We must accept that our economic activity does not take place in a closed physical system. Even on a global scale we receive low entropy energy from the Sun daily, and free of charge. This very fact makes our land valuable and productive and allows humans to live, but rarely does it appear in econometric models.

The impact of sunlight upon the earth is that of the external input of energy into a physical system that we reviewed earlier. With this idea in mind, it becomes increasingly obvious that it is the free energy of the sun that must in some form or other be consumed in order to combat the increase of entropy in earth bound structures and allow the enjoyment of life to proceed. For example, it is the sunlight of past millennia that allows man to increase his enjoyment of life through the burning of coal. It is the sunlight of the present that allows him to grow crops and experience the seasons.

If society aims for higher levels of enjoyment, it may do so by consuming greater amounts of past sunlight, or catching present sunlight in a more efficient way. Each approach will inevitably result in an increase of entropy in the system that is comprised of Sun and earth, but the effects of that increased entropy are to be seen in different places. Few on earth care for the higher entropy that results in the Sun as it converts hydrogen into helium. Far more of us care for global warming as coal is burnt to fire our power stations. Here in a nutshell is the environmental choice that faces our modern world. It is a choice that pits sustainable development against un-sustainable development, renewable resource against non-renewable resource.

The Guardian leader page from March 25th. 1995 comments :
Global warming is, above all, an index of the rate at which the world squanders its resources and of the resulting disturbance to natural ecological balances maintained for millions of years. No one can seriously deny that energy is now being consumed on a scale never achieved by humanity before. The only question - and it is the critical one - is whether it can be stopped and how.

I contend that fresh air, clean rivers and a stable climate have a high priority in society's hierarchy of wants, but that society may not fully realise their value until they have been lost for ever. If such a gloomy outcome does materialise it will be in part due to the striving of mankind to supplement a flow of sunlight energy that is now deemed insufficient to meet his requirements for the enjoyment of life. As decades pass, the entropic consequences of this new avarice grow ever clearer.

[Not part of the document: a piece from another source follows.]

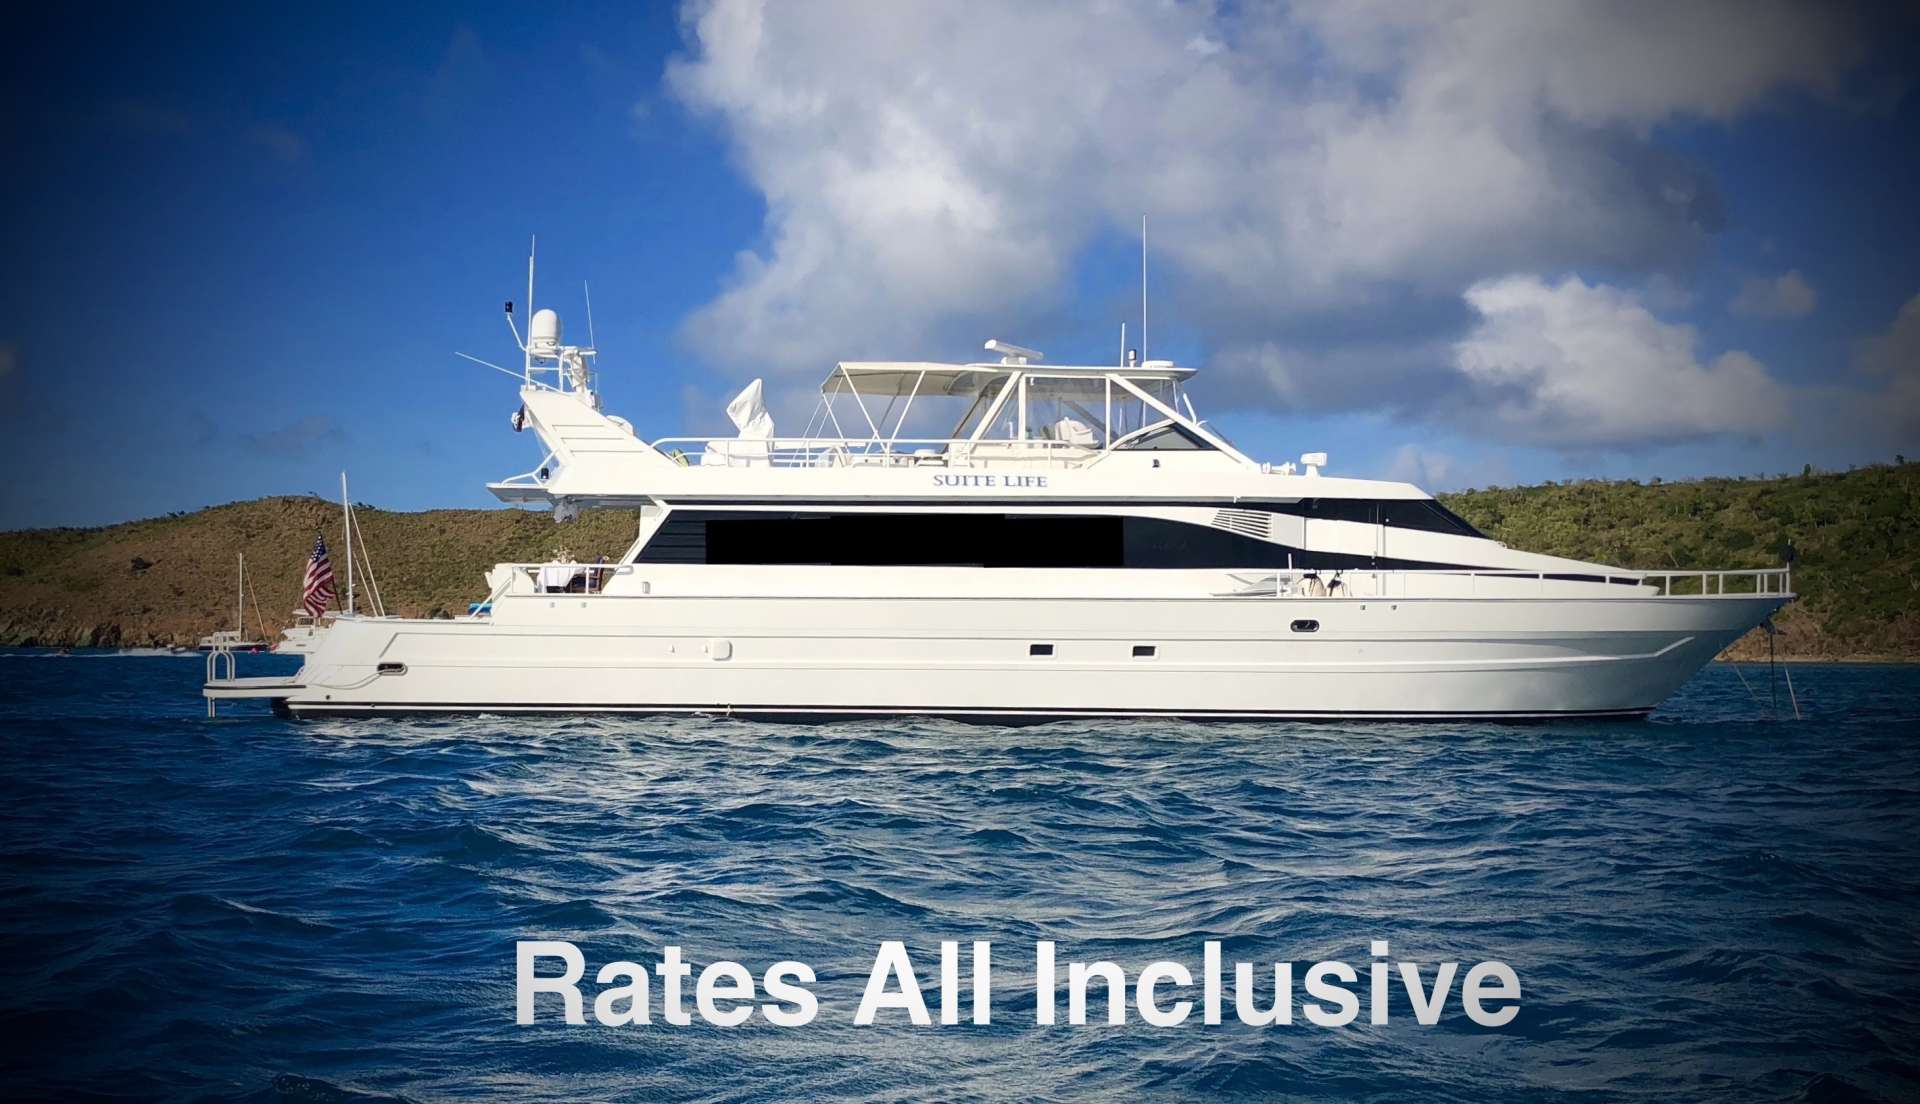 Power Yacht 'Power', 8 PAX, 3 Crew, 92.00 Ft, 28.00 Meters, Built 1998, Tarrab Yachts, Refit Year 2016

My proposition is that the conventions of the modern interest based financial system ignore the fact of entropy in the physical system. In so doing, such conventions may actually encourage entropy to increase faster in our environment. Elsewhere on this web site, I have illustrated this phenomenon with a simple example from the world of discounted cash-flow analysis. One of the pertinent issues that arises from that illustration relates to the real interest rate, as follows.

In a simple barter economy, an individual would hold surplus wealth in the form of physical assets. Depending upon the nature of the asset, there is no way for such an individual to avoid certain costs related to the storage of that wealth. A further cost may arise over time since the quality of the stored assets will be subject to the fact that entropy is increasing. Of course the owner of such wealth may decide instead to lend it to an individual who wishes to engage in a productive process of some kind. The costs associated with holding those assets may not seem to be a disadvantage from a borrower's point of view if a profit can be made when, say, a borrowed ox ploughs a field. It is however important to consider exactly what kind of ox such a borrower must repay. Should it be the same ox that was borrowed, or should it be an ox equal in age and health to the one that first left the lender's farm?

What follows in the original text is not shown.